Oncor fired the technician for violating a company policy against providing misleading or fraudulent information to public officials, according to the record.
The D.C. Circuit upheld the termination, ending a decade of litigation. Contrary to what the NLRB asserted, the NLRA did not protect the technician’s testimony, and Oncor did not commit an unfair labor practice when it fired him, the court ruled.
Oncor did not provide a comment.
Section 7 of the NLRA protects an employee’s right “to engage in … concerted activities for the purpose of collective bargaining or other mutual aid or protection,” the D.C. Circuit pointed out. This includes making disparaging remarks against the employer to third parties to gain support in a labor dispute — but only if the employee discloses that the remarks are related to the dispute, the panel explained.
The D.C. Circuit agreed with the NLRB that the technician’s testimony fell within the category of Section 7 speech; however, under the long-held Jefferson Standard test, the testimony wasn’t protected, the panel held.
The test requires employees to clearly disclose if their statements are related to an ongoing labor dispute so the listener can accurately assess how much weight to give them, the court noted. Otherwise, if the disclosure isn’t made, under Section 10(c) of the NLRA, employees can be fired for making disparaging statements about their employer, according to the ruling.

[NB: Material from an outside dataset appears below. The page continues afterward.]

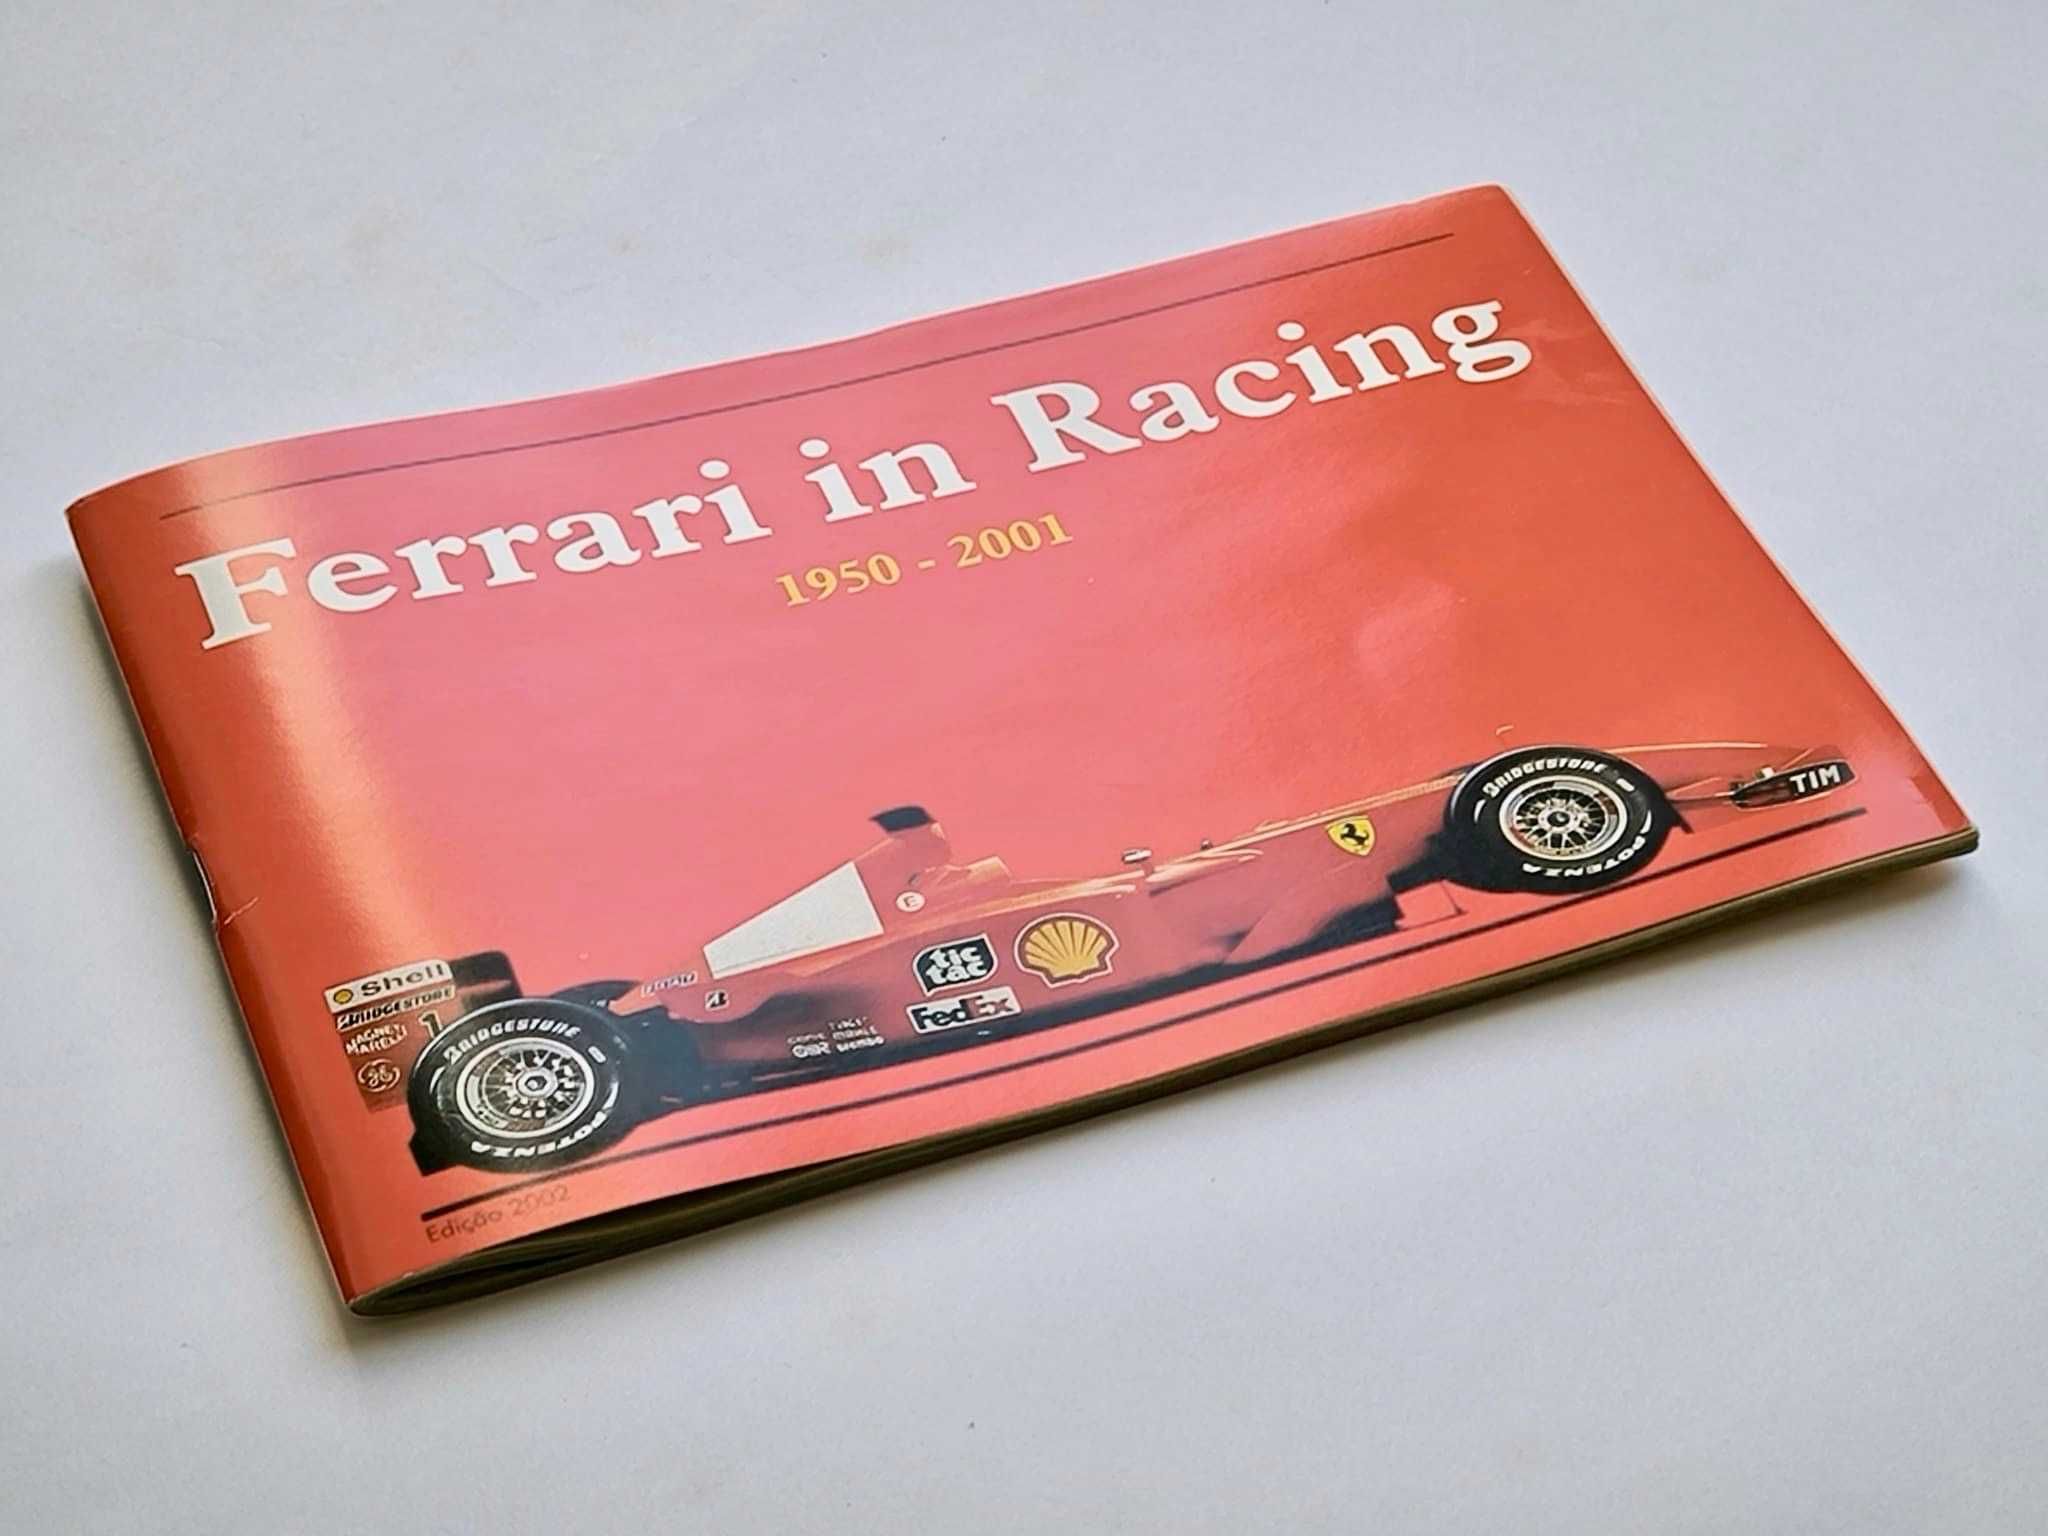 Livro "Ferrari in Racing" (em português)
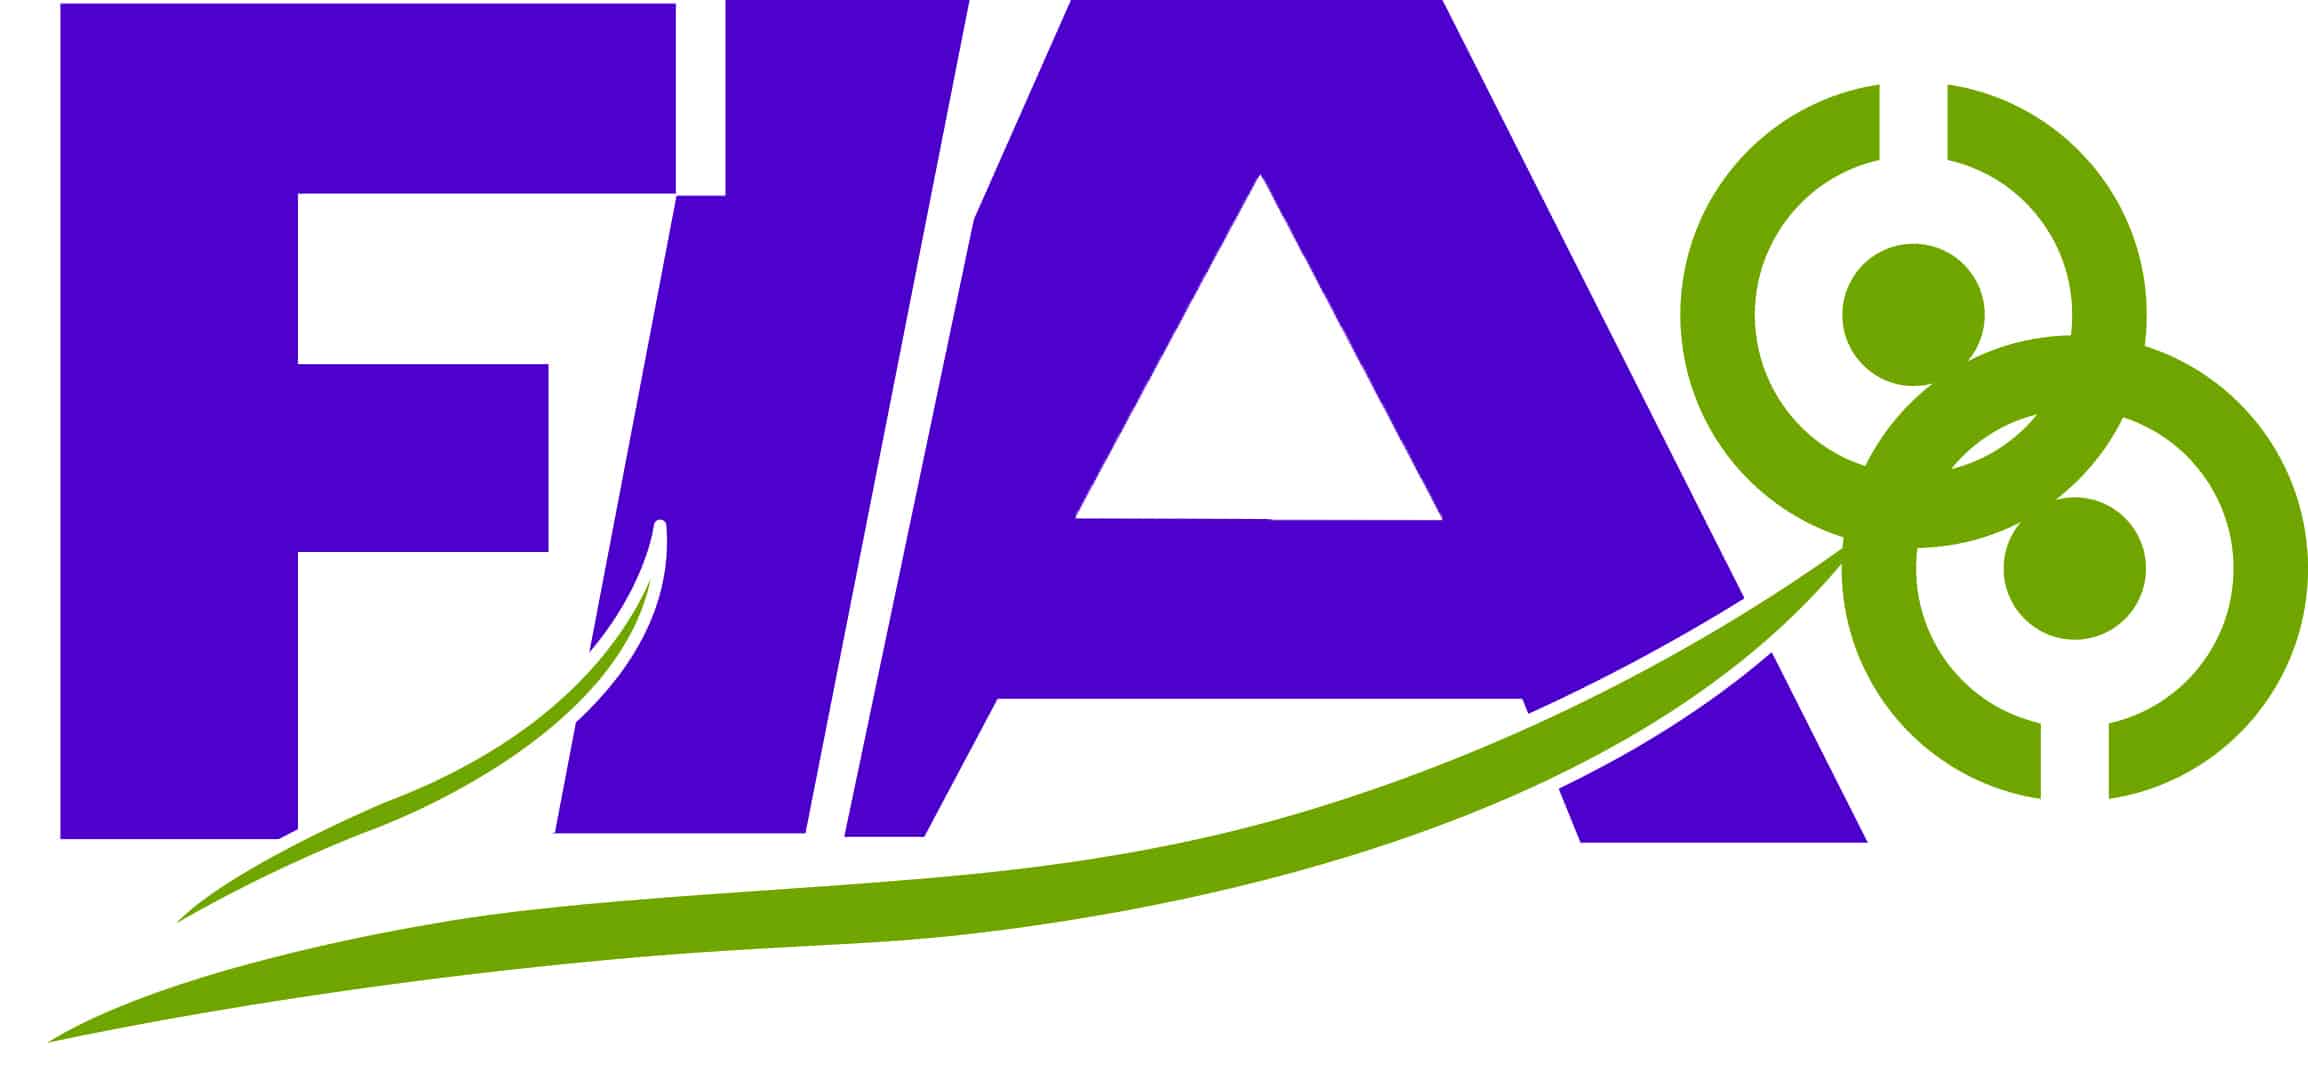 FIA Logo Design

Here, while the technician said he was a member of the union, he never mentioned anything about the contract negotiations, much less revealed anything “about his intent to pressure Oncor into concessions during [these] negotiations,” the D.C. Circuit emphasized.
Late last year, the U.S. Senate confirmed former NLRB attorney James Murphy and Scott Mayer, a former chief labor counsel at Boeing, as NLRB members, restoring a quorum to the board. The Senate also confirmed Crystal Carey as the board’s general counsel.
The appointments signal a shift toward a more business-friendly board, as indicated by the NLRB’s February announcement that it was issuing a final rule on joint employer status in line with the standard it adopted in 2020 during the first Trump administration.